The enumeration, in the Constitution, of certain rights shall not be construed
to deny or disparage others retained by the people of the several States.
6.
The powers not delegated to the Confederate States by the Constitution, nor
prohibited by it to the States, are reserved to the States, respectively, or to
the people thereof.
ARTICLE
VII
I.
The ratification of the conventions of five States shall be sufficient for the
establishment of this Constitution between the States so ratifying the same.
2.
When five States shall have ratified this Constitution, in the manner before
specified, the Congress under the Provisional Constitution shall prescribe the
time for holding the election of President and Vice President; and for the
meeting of the Electoral College; and for counting the votes, and inaugurating
the President. They shall, also, prescribe the time for holding the first
election of members of Congress under this Constitution, and the time for
assembling the same. Until the assembling of such Congress, the Congress under
the Provisional Constitution shall continue to exercise the legislative powers
granted them; not extending beyond the time limited by the Constitution of the
Provisional Government.
Adopted
unanimously by the Congress of the Confederate States of South Carolina,
Georgia, Florida, Alabama, Mississippi, Louisiana, and Texas, sitting in
convention at the capitol, the city of Montgomery, Ala., on the eleventh day of
March, in the year eighteen hundred and Sixty-one.

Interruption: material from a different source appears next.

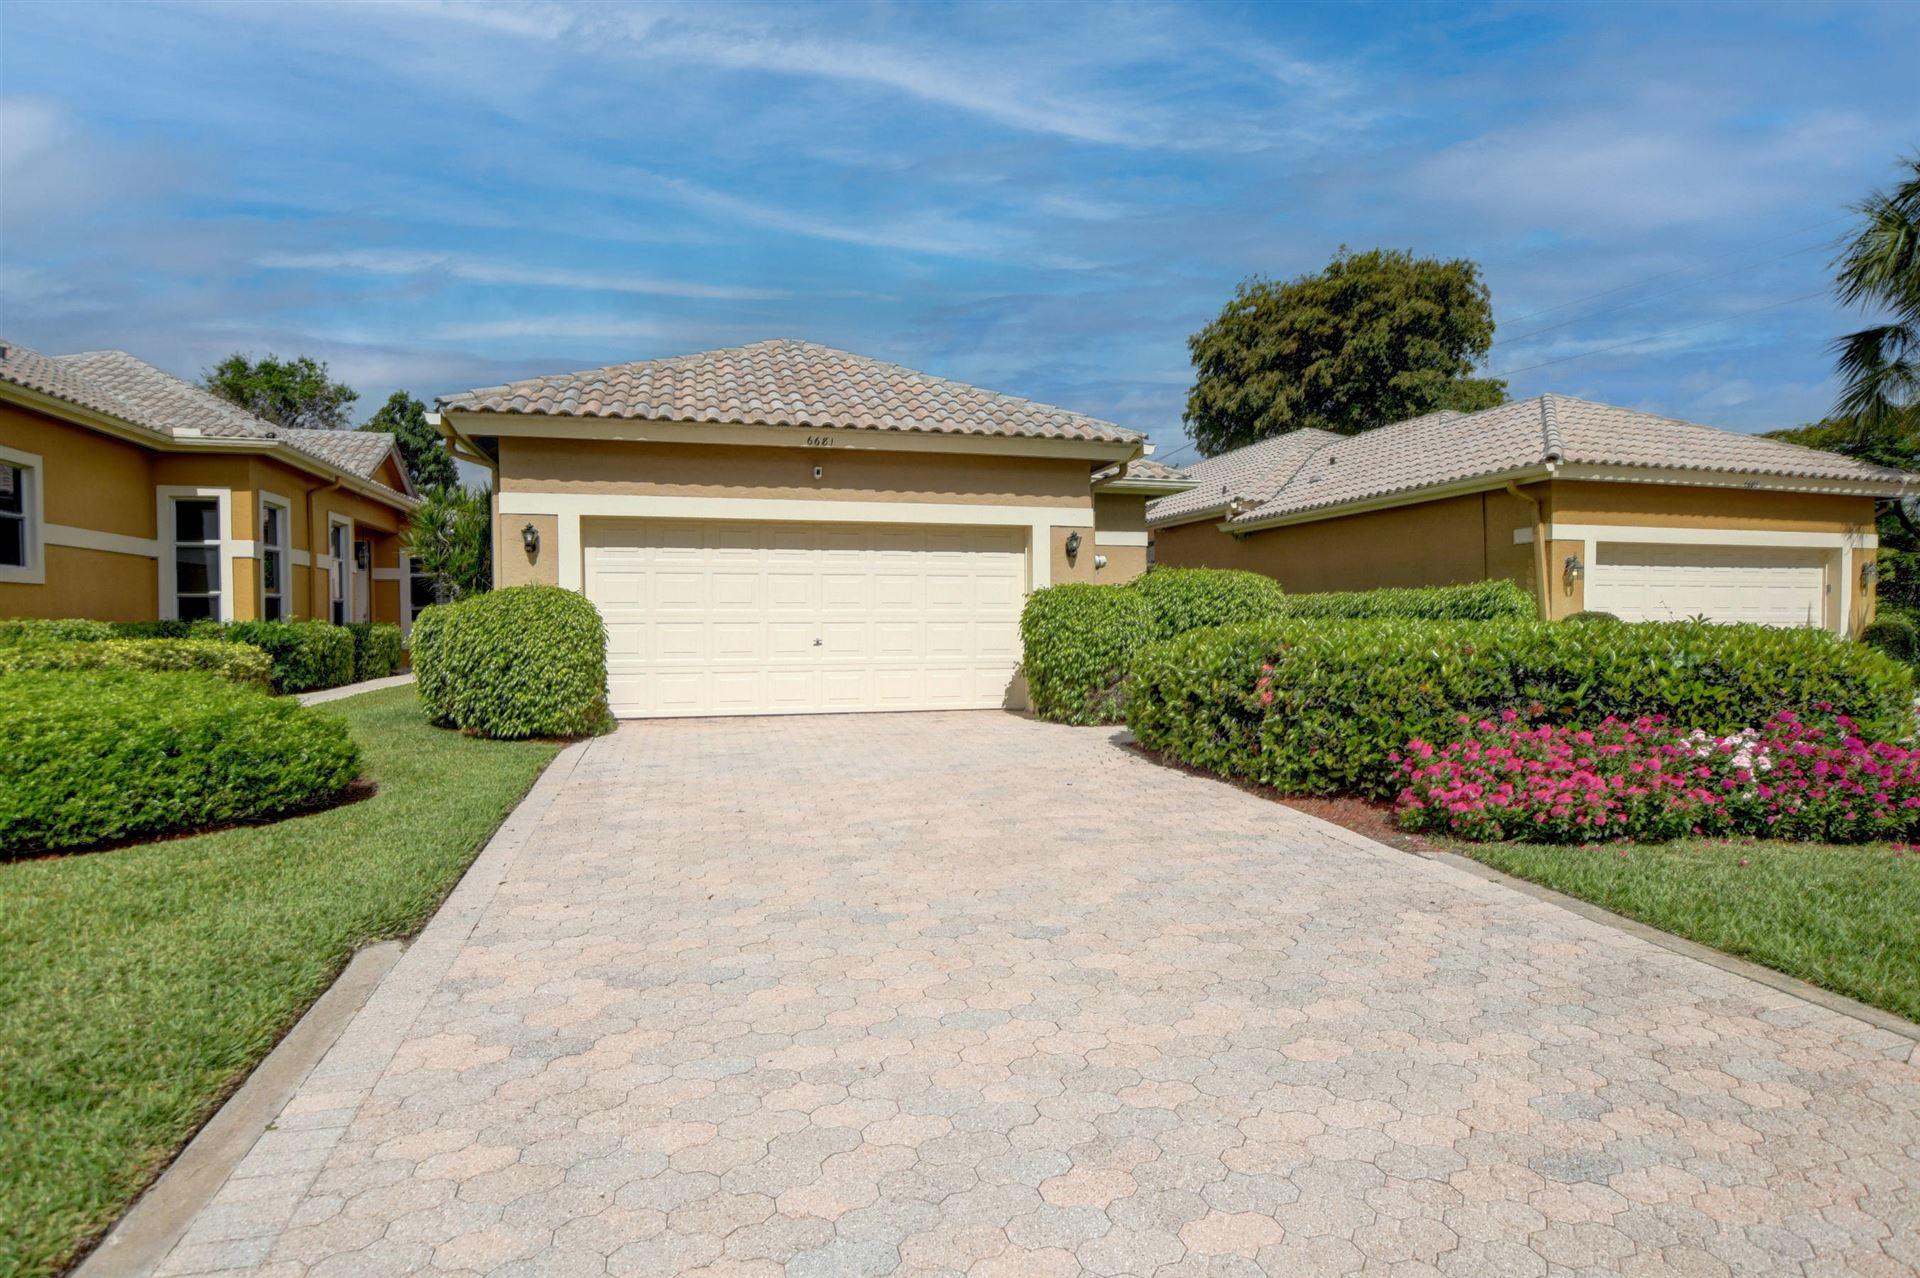 6681 NW 25th Terrace, Boca Raton, FL 33496 - #: RX-10727858

HOWELL COBB, President of the Congress.
South Carolina: R. Barnwell Rhett, C. G. Memminger, Wm. Porcher Miles, James
Chesnut, Jr., R. W. Barnwell, William W. Boyce, Lawrence M. Keitt, T. J.
Withers.
Georgia: Francis S. Bartow, Martin J. Crawford, Benjamin H. Hill, Thos. R. R.
Cobb.
Florida: Jackson Morton, J. Patton Anderson, Jas. B. Owens.

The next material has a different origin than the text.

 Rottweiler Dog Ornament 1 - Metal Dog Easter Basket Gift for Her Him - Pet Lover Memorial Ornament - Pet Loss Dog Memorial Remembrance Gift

Alabama: Richard W. Walker, Robt. H. Smith, Colin J. McRae, William P. Chilton,
Stephen F. Hale, David P. Lewis, Tho. Fearn, Jno. Gill Shorter, J. L. M. Curry.
Mississippi: Alex. M. Clayton, James T. Harrison, William S. Barry, W. S.
Wilson, Walker Brooke, W. P. Harris, J. A. P. Campbell.
Louisiana: Alex. de Clouet, C. M. Conrad, Duncan F. Kenner, Henry Marshall.
Texas: John Hemphill, Thomas N. Waul, John H. Reagan, Williamson S. Oldham,
Louis T. Wigfall, John Gregg, William Beck Ochiltree.